A Python script for visualizing GTFS data

See here for recent updates to tph.py; the software no longer uses Google's transitfeed module, in favor of the SQLite-backed gtfs library, and some of the restrictions described below have been removed.

Over the weekend, I put together a little Python project which I am now releasing: tph.py, a tool for visualizing transit service levels using data from GTFS feeds. Over at Raschke on Transport, I've posted some examples, but here I'd like to discuss the technical underpinnings.

The script uses Google's transitfeed library to parse the GTFS data. Loading a large GTFS schedule with transitfeed can take several minutes, but I wouldn't consider that to be unexpected when dealing with a CSV file that might be close to 200 MB. Still, though, I'd like to see a uniform way for getting GTFS data into (for example) a SQLite database, so that SQL queries can be issued against the dataset. In addition, the script depends on certain optional fields being present in the GTFS dataset—in particular, trips must use direction_id, ~~and either trips or stoptimes must have the headsign defined~~ (a headsign will be synthesized from the last stop in a trip if none is present otherwise). These issues could be worked around, but for now it's easier to assume that these fields will be present.

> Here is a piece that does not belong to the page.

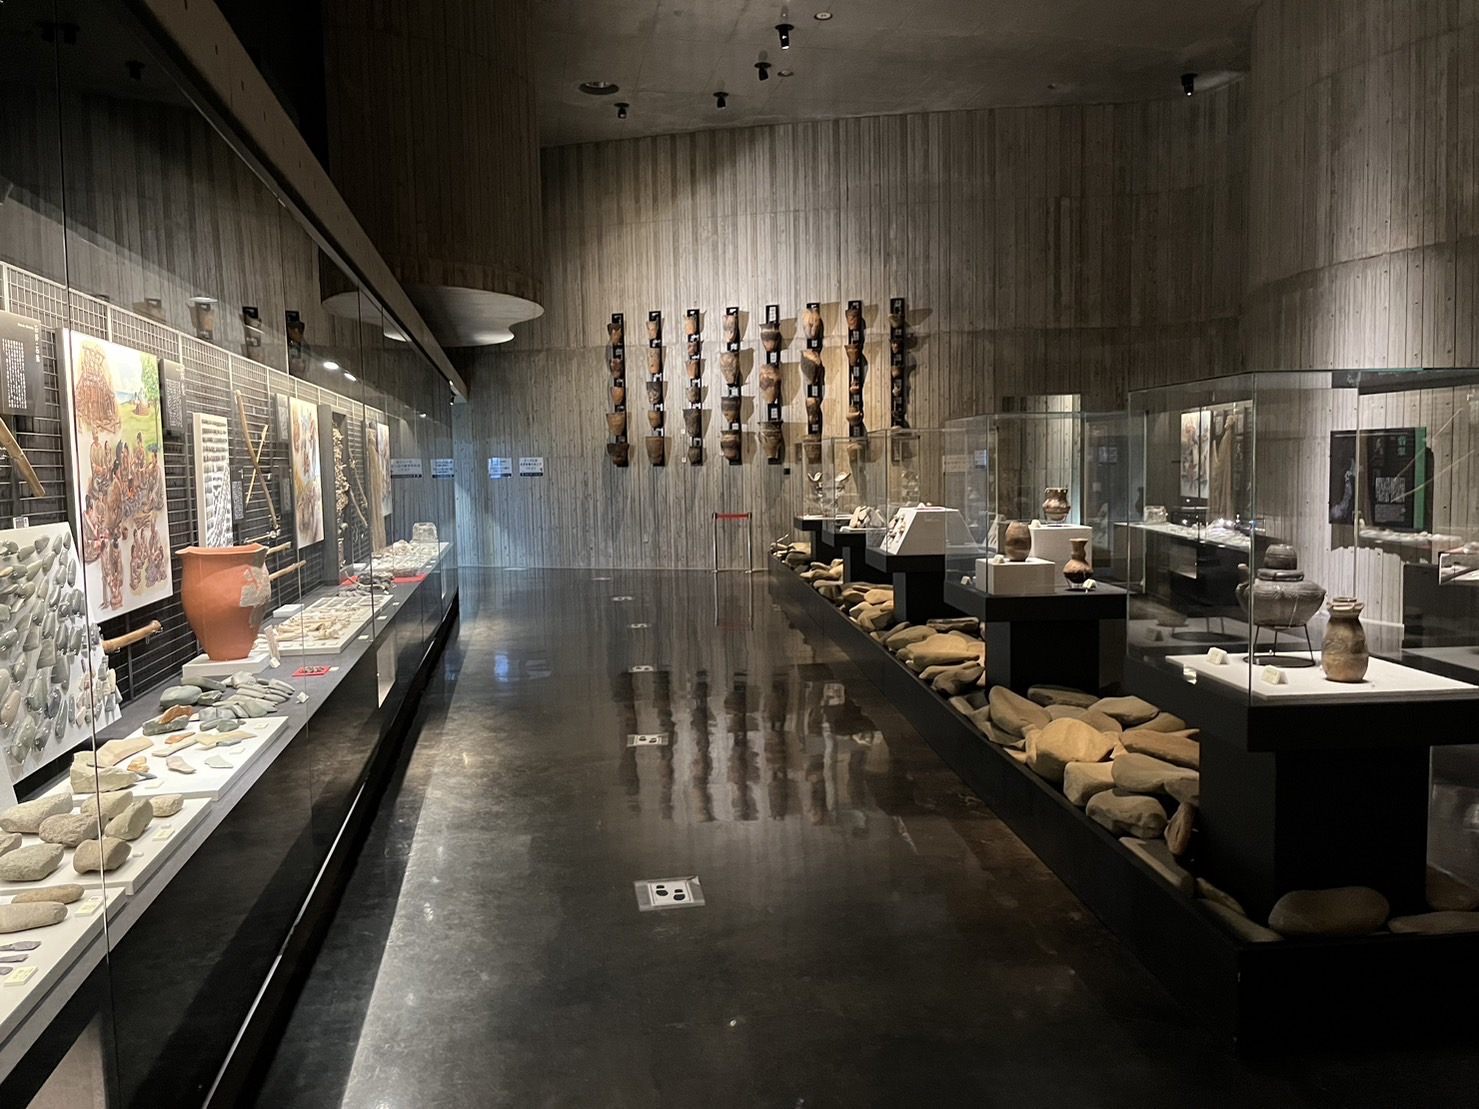 函館市縄文文化交流センターには縄文遺跡からの発掘品が多数

After having extracted the hourly service values for each of the target routes, the script uses matplotlib to generate the service graph. The matplotlib API is complex, but by the same token I was able to generate the plot I wanted without too much effort.

Because the most time-intensive part of the script is the initial step of loading the GTFS schedule into memory, I designed the script to generate multiple plots in each run. However, I could also see the script being used interactively—matplotlib can be used to generate clickable, interactive plots, and I can envision a future version which would allow a user to click on a particular hour and drill down and further examine the service for that hour (breaking the runs down by destination, for example).